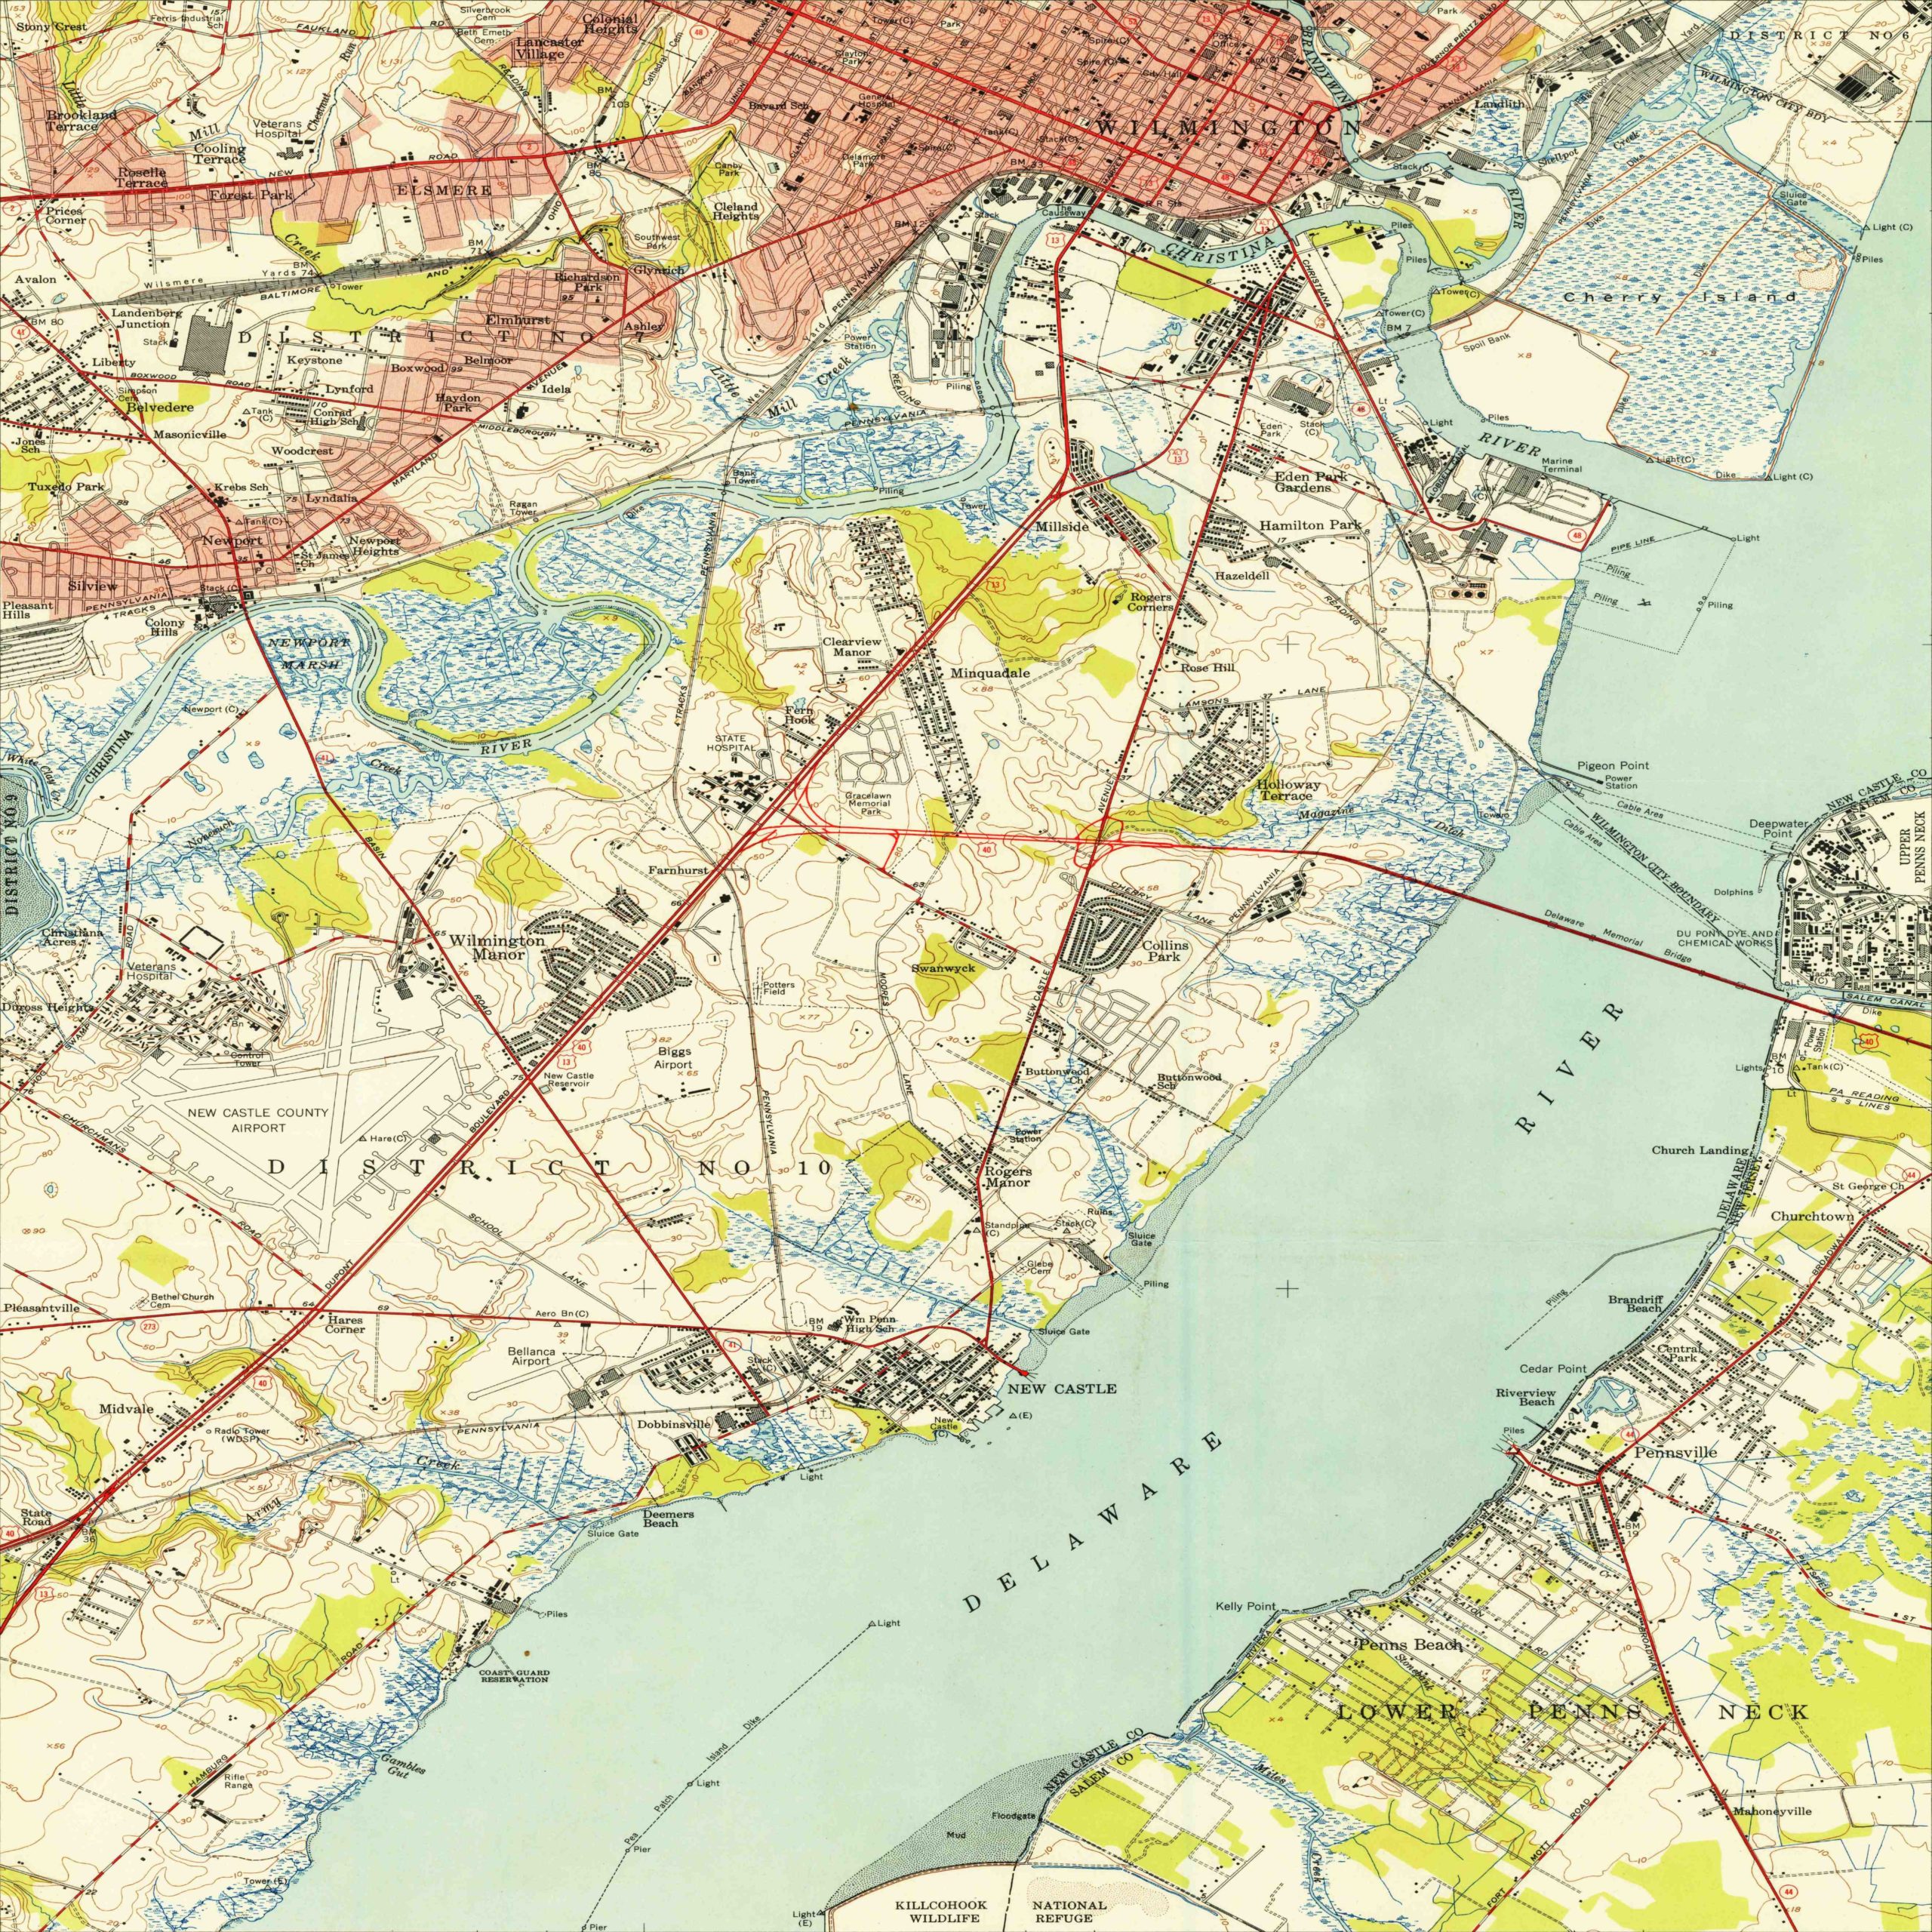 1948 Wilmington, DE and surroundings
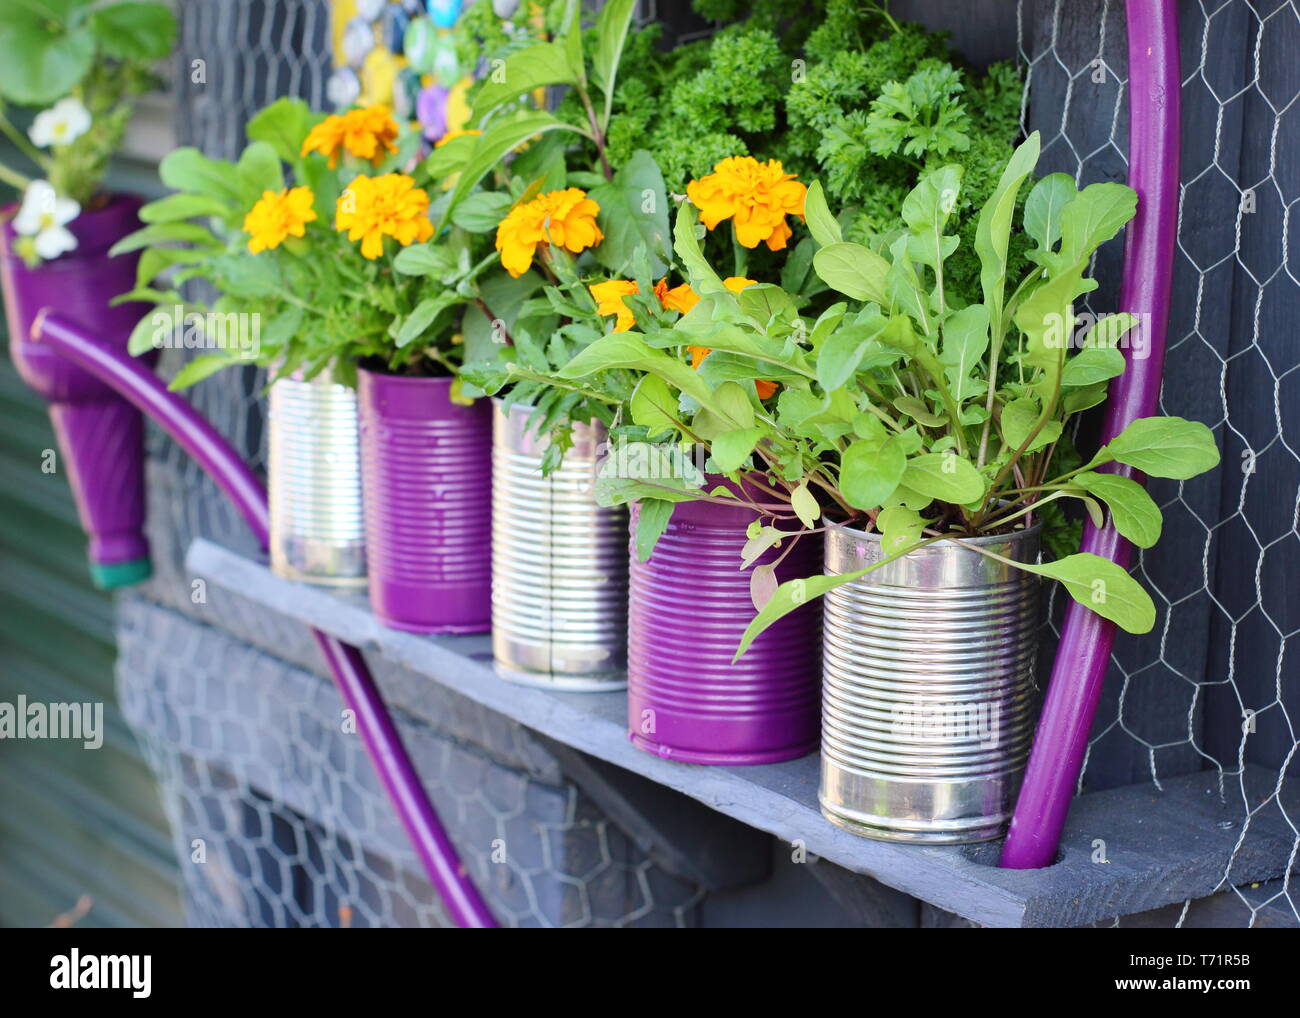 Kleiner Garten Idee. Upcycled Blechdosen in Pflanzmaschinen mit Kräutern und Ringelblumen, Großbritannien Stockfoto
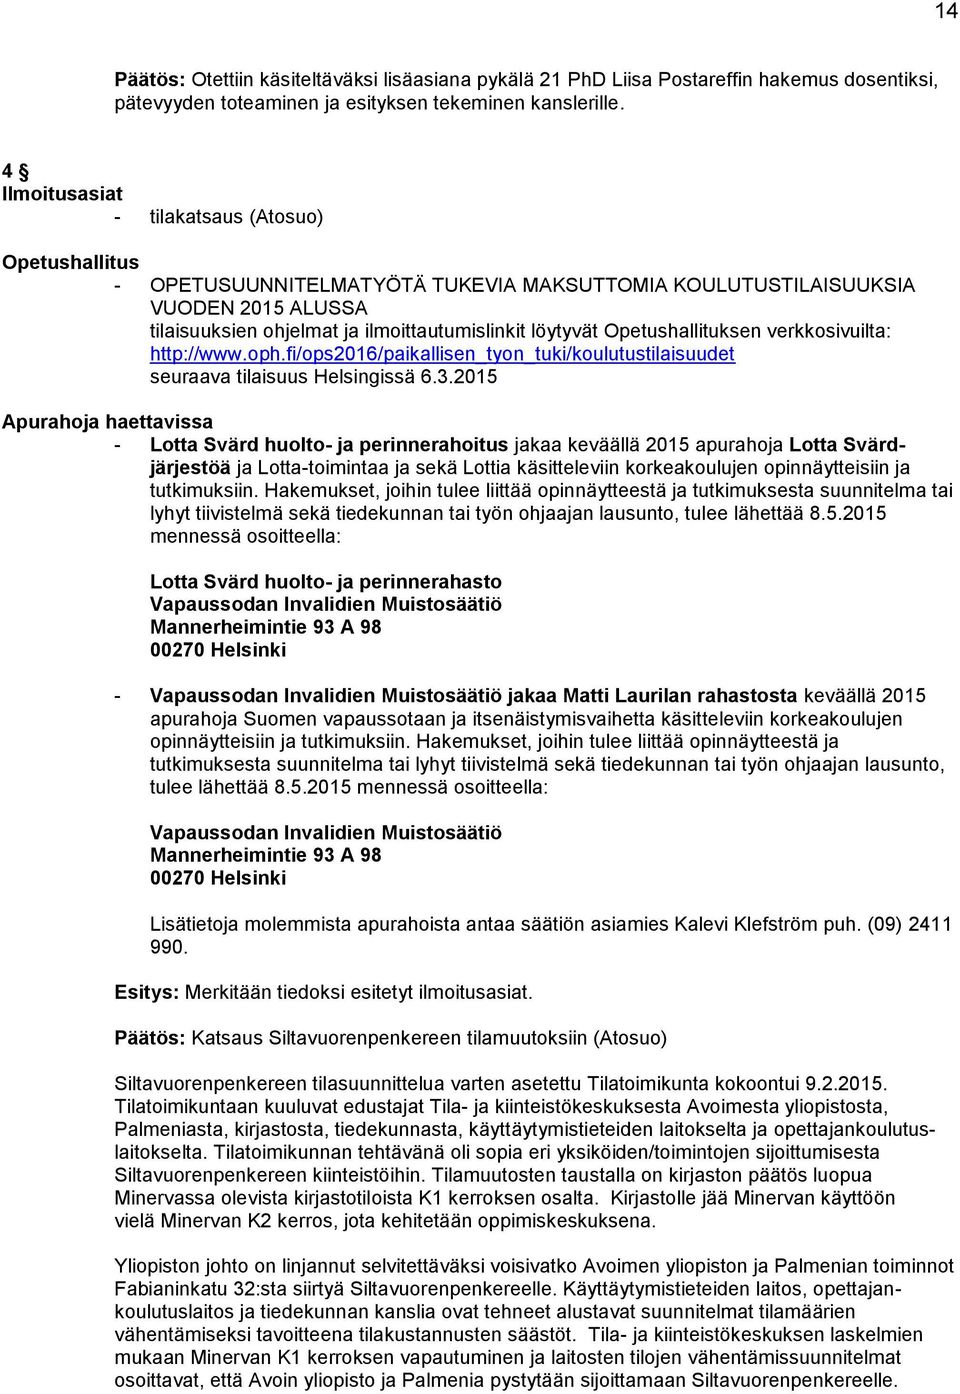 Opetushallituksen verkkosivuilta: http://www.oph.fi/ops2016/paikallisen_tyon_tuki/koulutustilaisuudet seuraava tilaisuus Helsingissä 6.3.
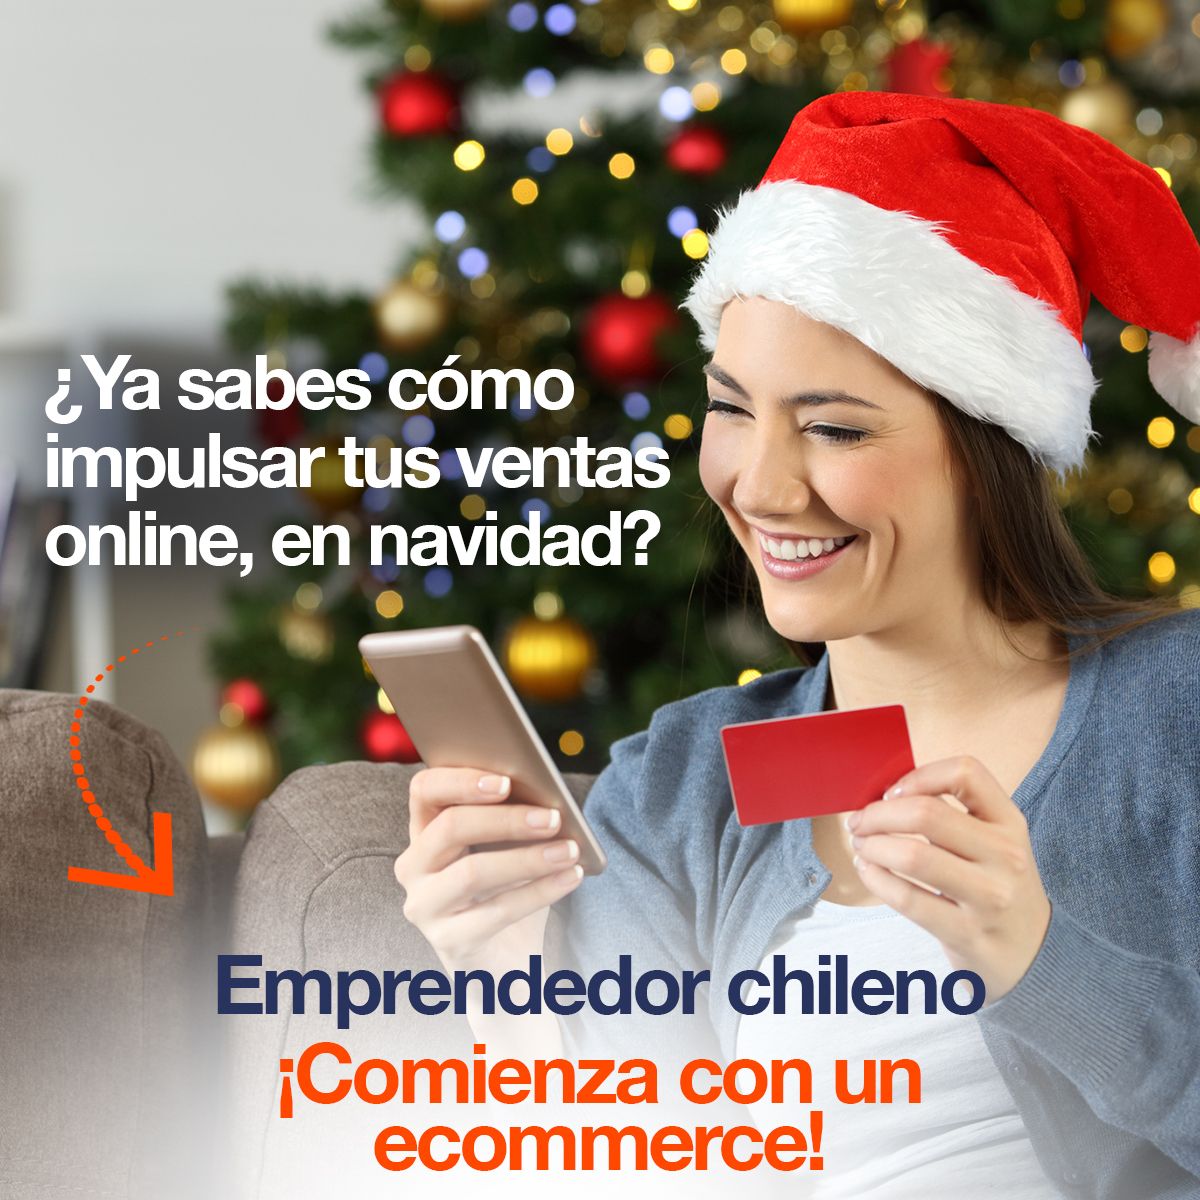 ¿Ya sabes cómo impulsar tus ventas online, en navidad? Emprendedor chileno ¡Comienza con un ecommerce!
=-=-=
From the line containing "tilaisuus Helsingissä 6.3." to the last line of the listing above, transcribe each line exactly, skipping the pictures.

 Opetushallituksen verkkosivuilta: http://www.oph.fi/ops2016/paikallisen_tyon_tuki/koulutustilaisuudet seuraava tilaisuus Helsingissä 6.3.
 ¿Ya sabes cómo impulsar tus ventas online, en navidad? Emprendedor chileno ¡Comienza con un ecommerce!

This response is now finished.